Work item:
Could you retype every line below exactly, omitting the images?

Source data:
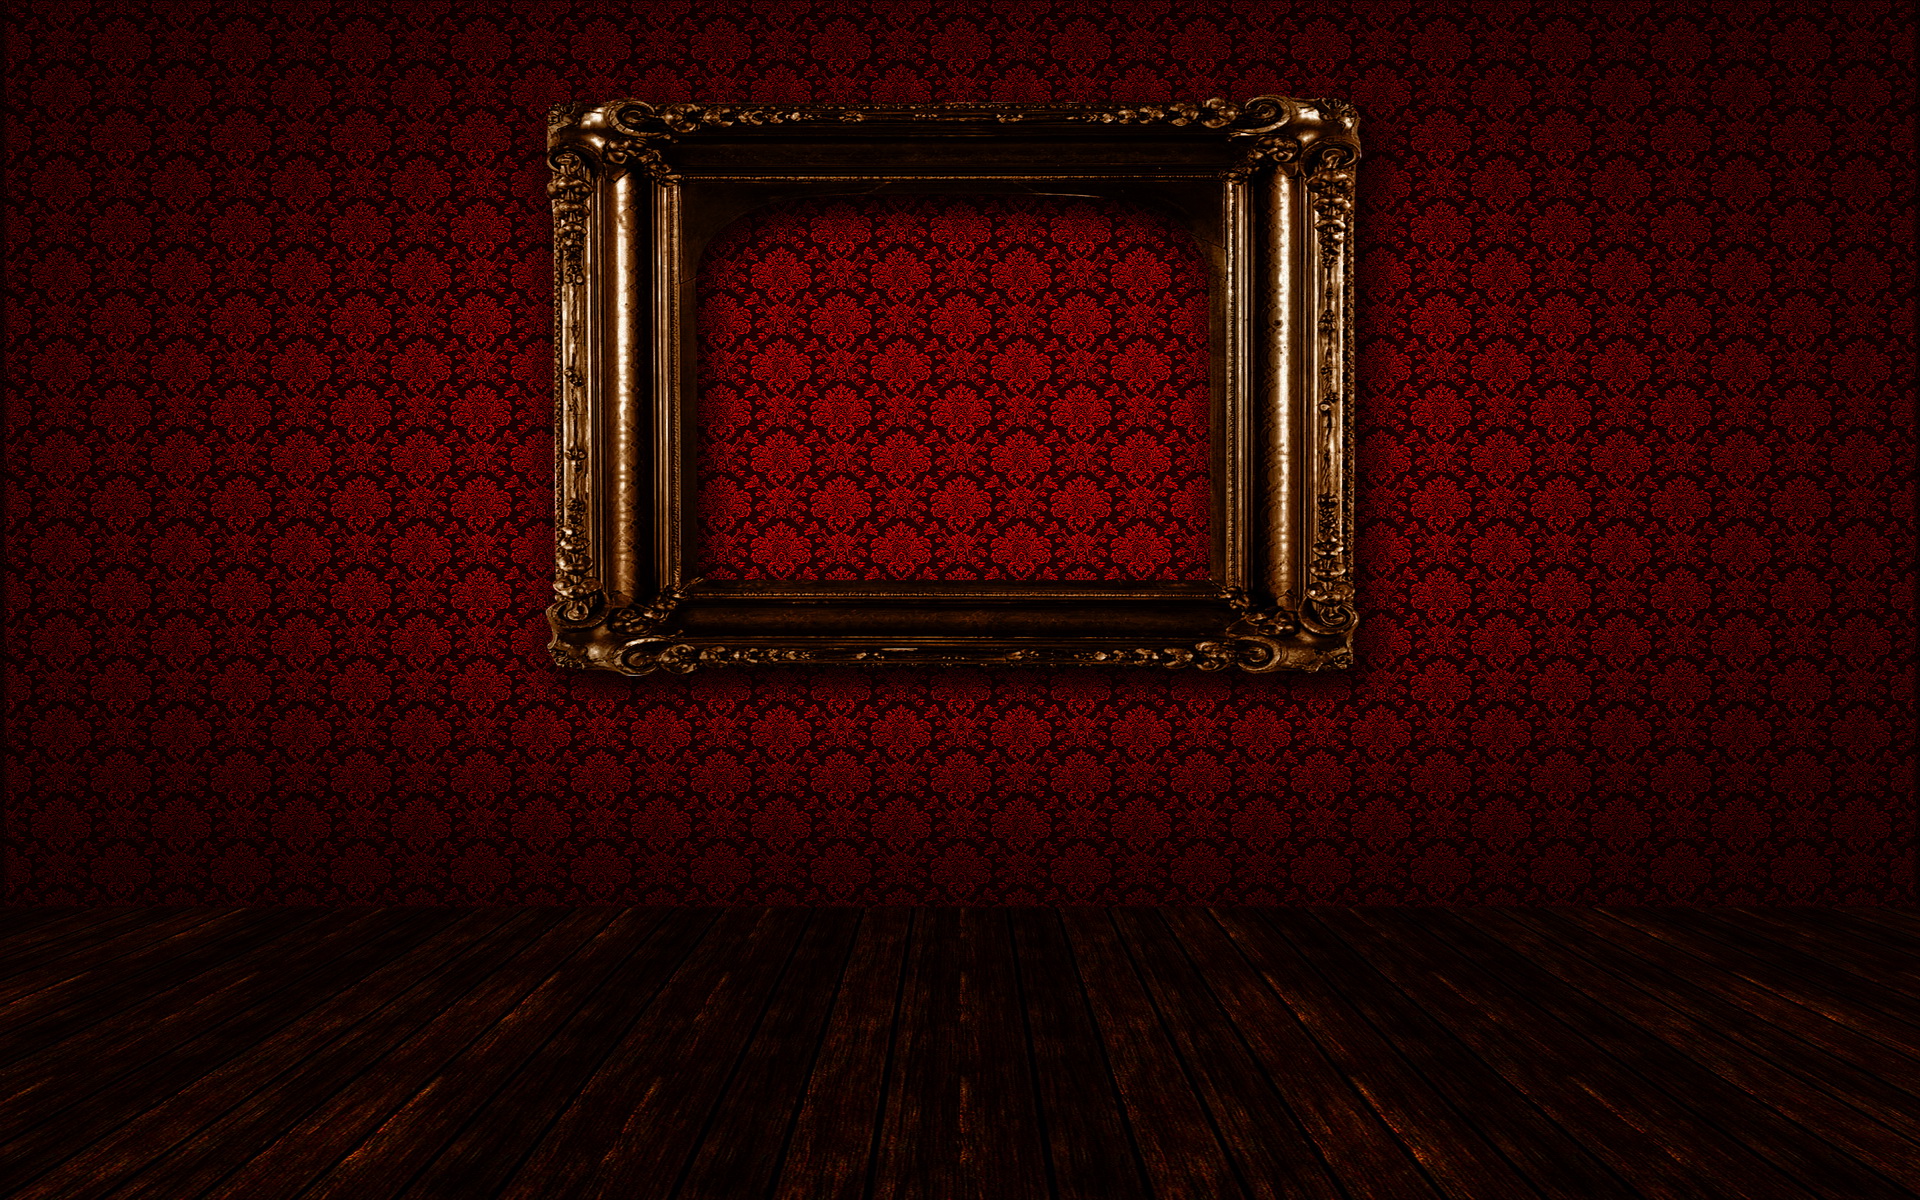 marco de papel tapiz,rojo,madera,oscuridad,suelo,habitación
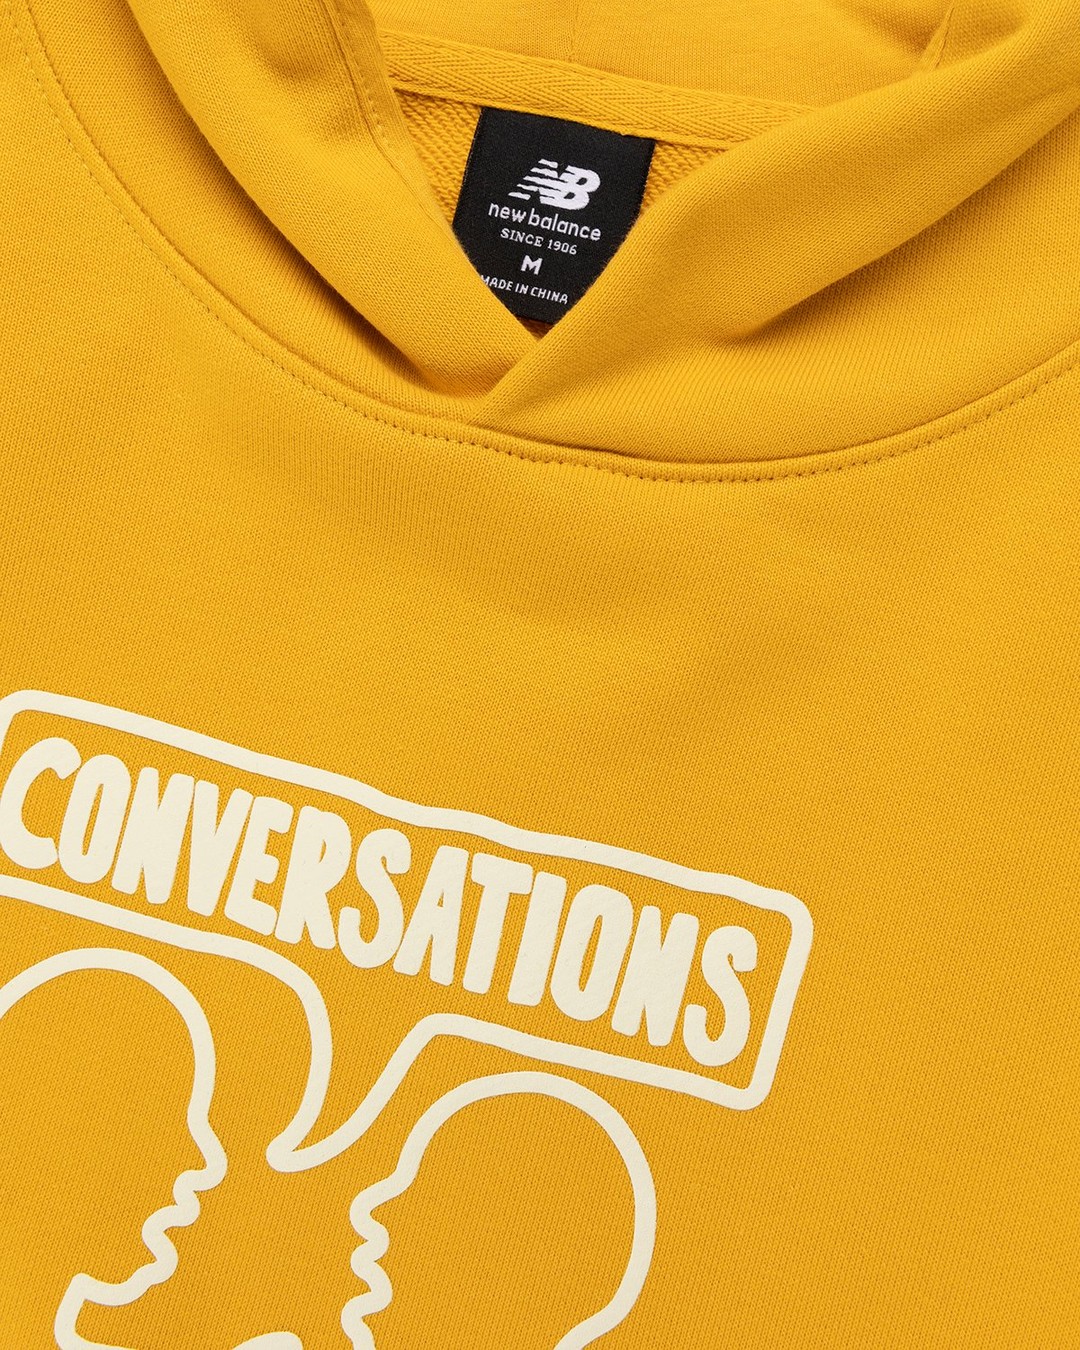 New Balance – Conversations Amongst Us Hoodie Aspen Yellow - Sweats - Yellow - Image 4
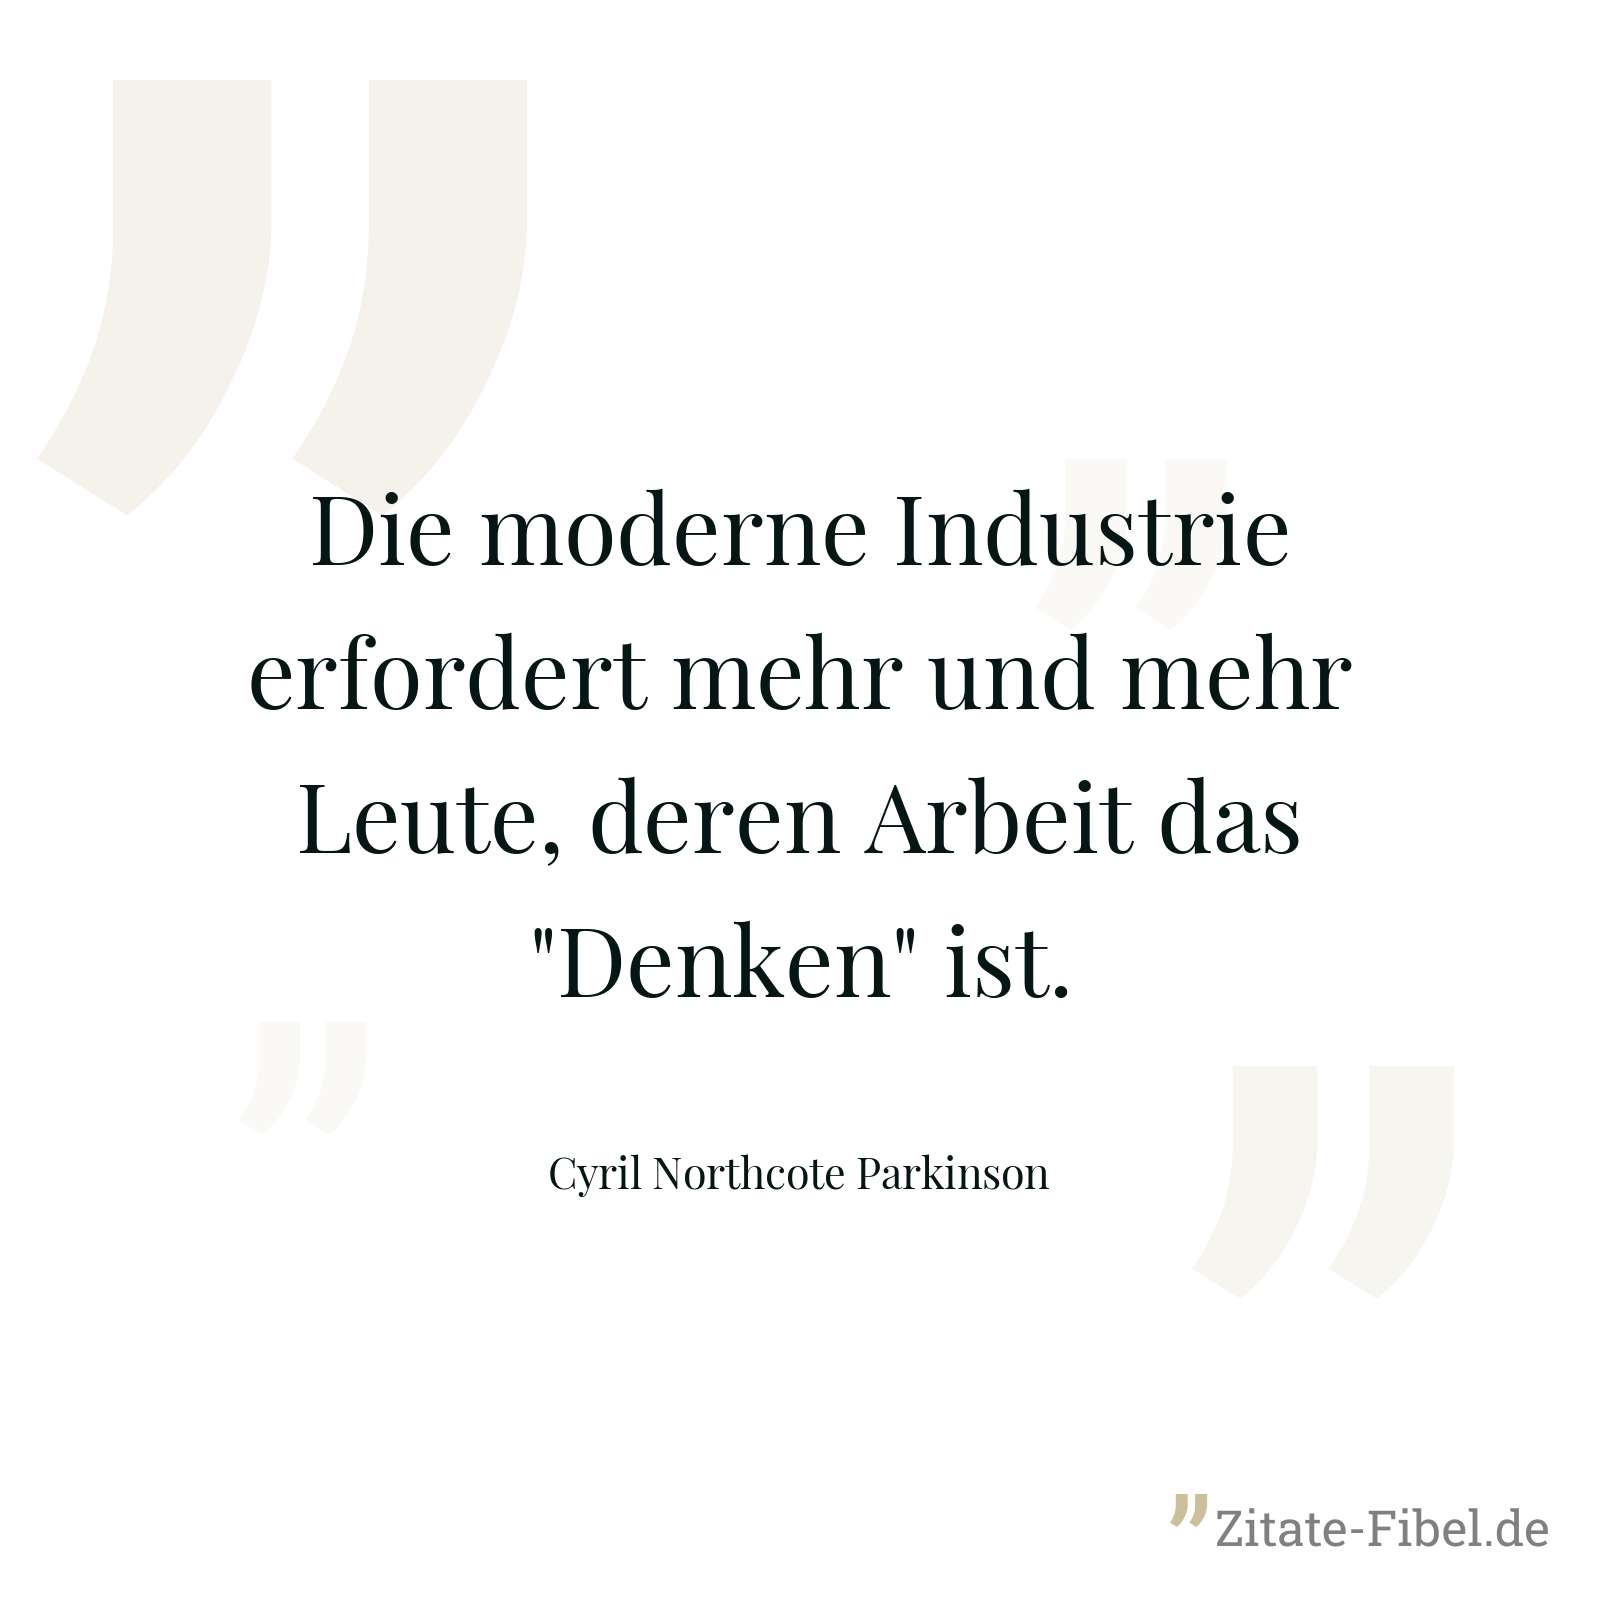 Die moderne Industrie erfordert mehr und mehr Leute, deren Arbeit das "Denken" ist. - Cyril Northcote Parkinson
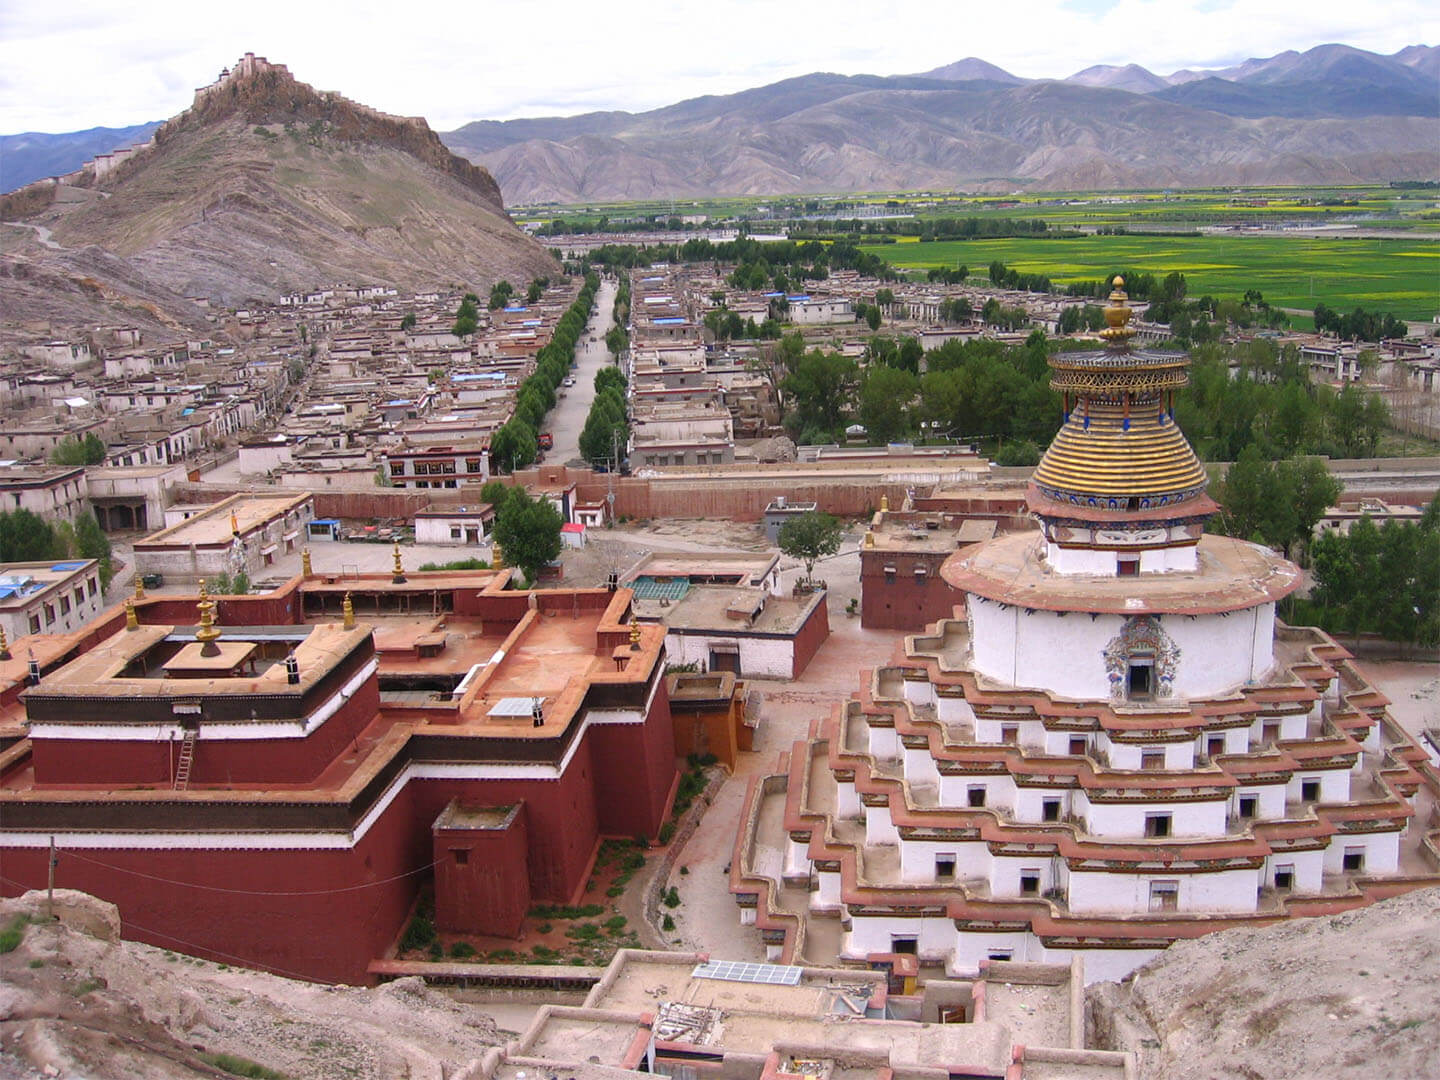 Gyangtse Kumbum stupa & Phelchoe monastery

Answer section:
 marco de papel tapiz,rojo,madera,oscuridad,suelo,habitación
 New Balance – Conversations Amongst Us Hoodie Aspen Yellow - Sweats - Yellow - Image 4
 Die moderne Industrie erfordert mehr und mehr Leute, deren Arbeit das "Denken" ist. - Cyril Northcote Parkinson
 Gyangtse Kumbum stupa & Phelchoe monastery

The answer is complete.